▸ **WHAT IS EXPECTED**
Restate the listing below word for word; no picture is to be carried over.

▸ **GIVEN MATERIAL**
────
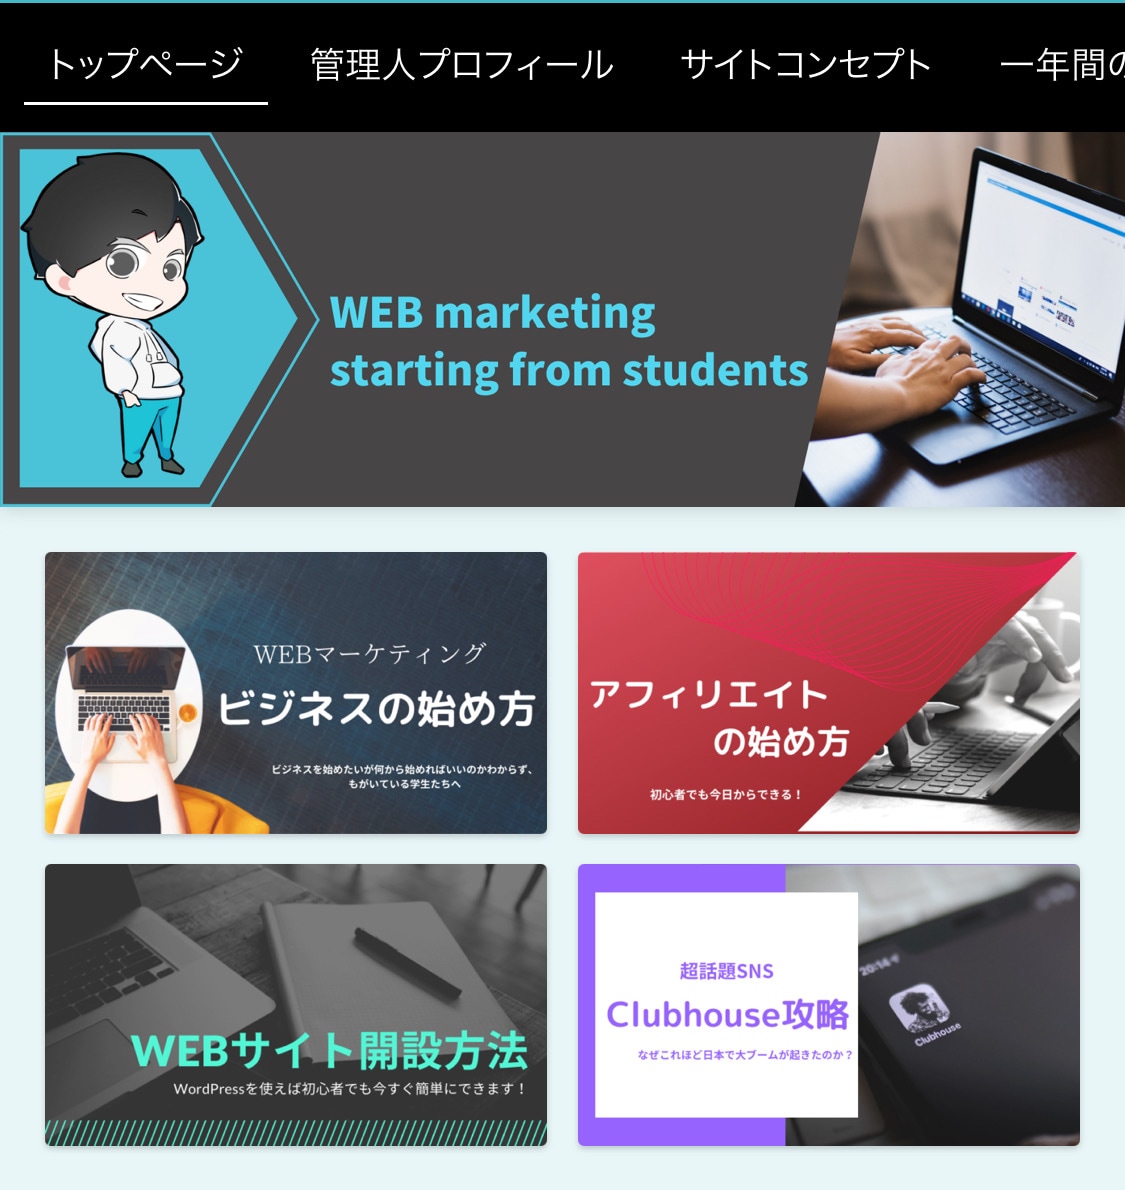 ブログメディア『大学生から始めるWEBマーケティング』
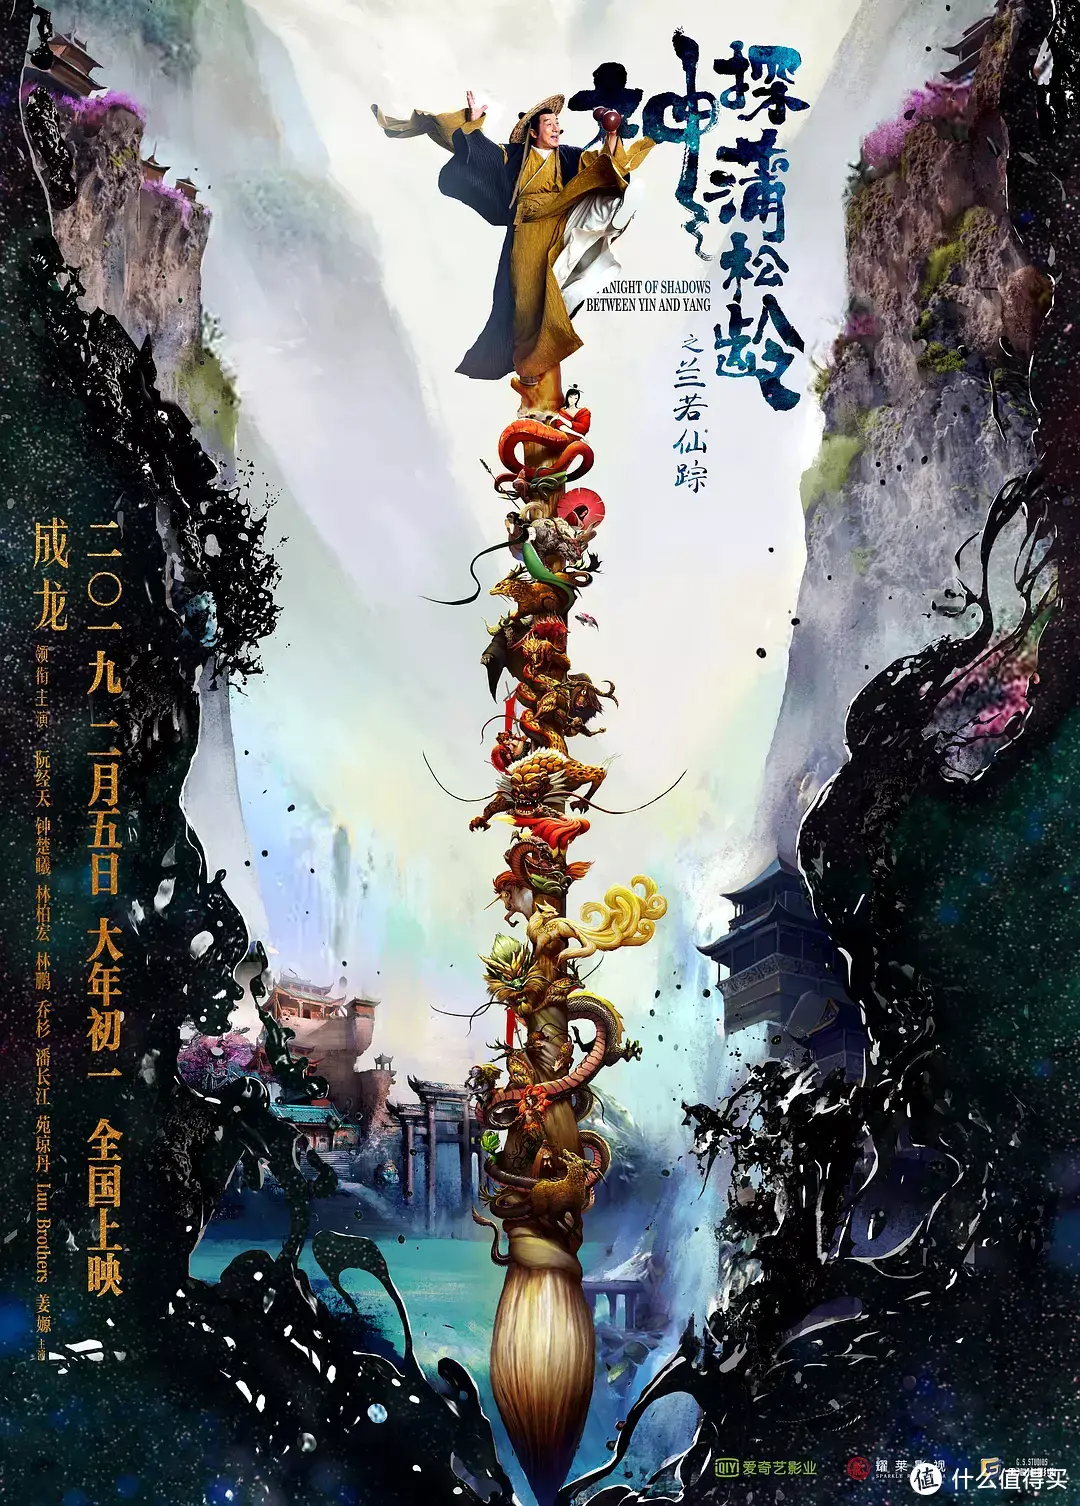 2019年大年初一春节档值得期待的8部华语电影
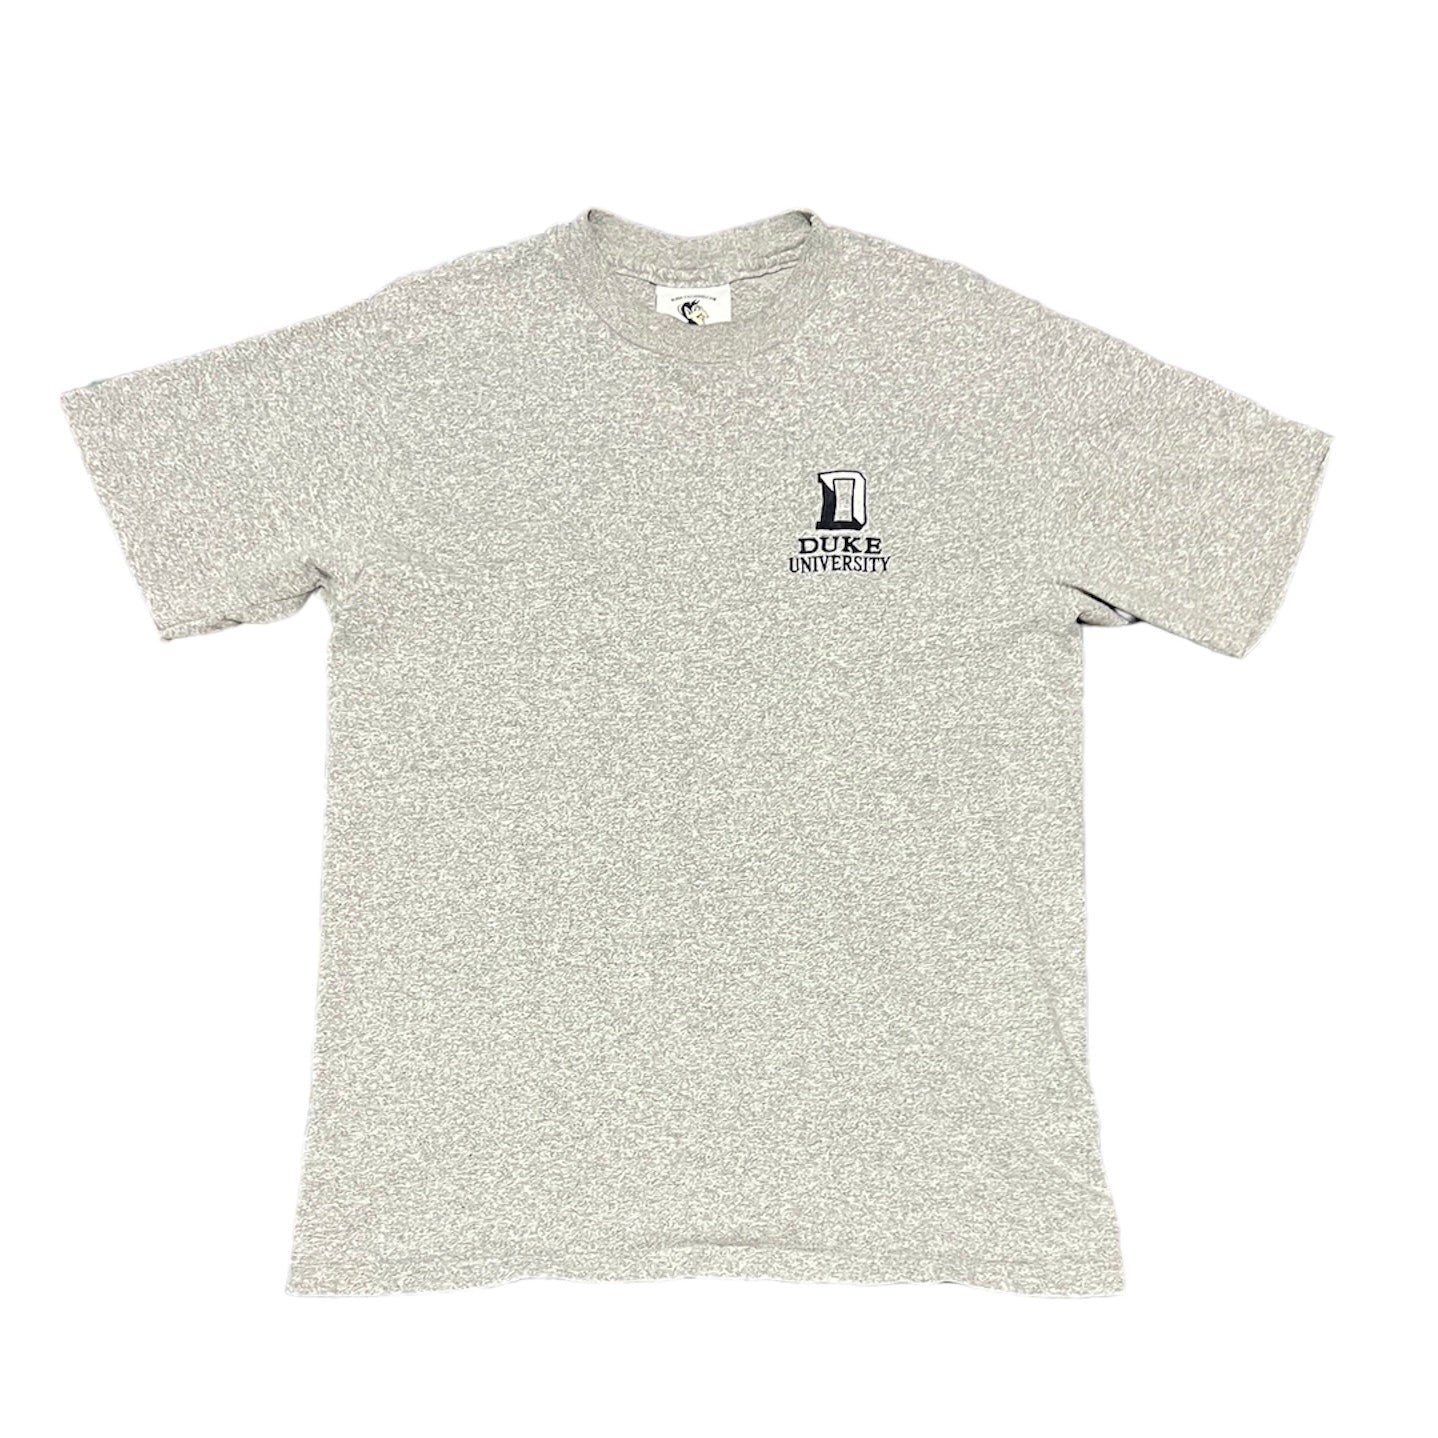 Duke University Embroidered T-Shirt Size Medium
────
▸ **SOLUTION FOR THIS TASK**
 ブログメディア『大学生から始めるWEBマーケティング』
 2019年大年初一春节档值得期待的8部华语电影
 Duke University Embroidered T-Shirt Size Medium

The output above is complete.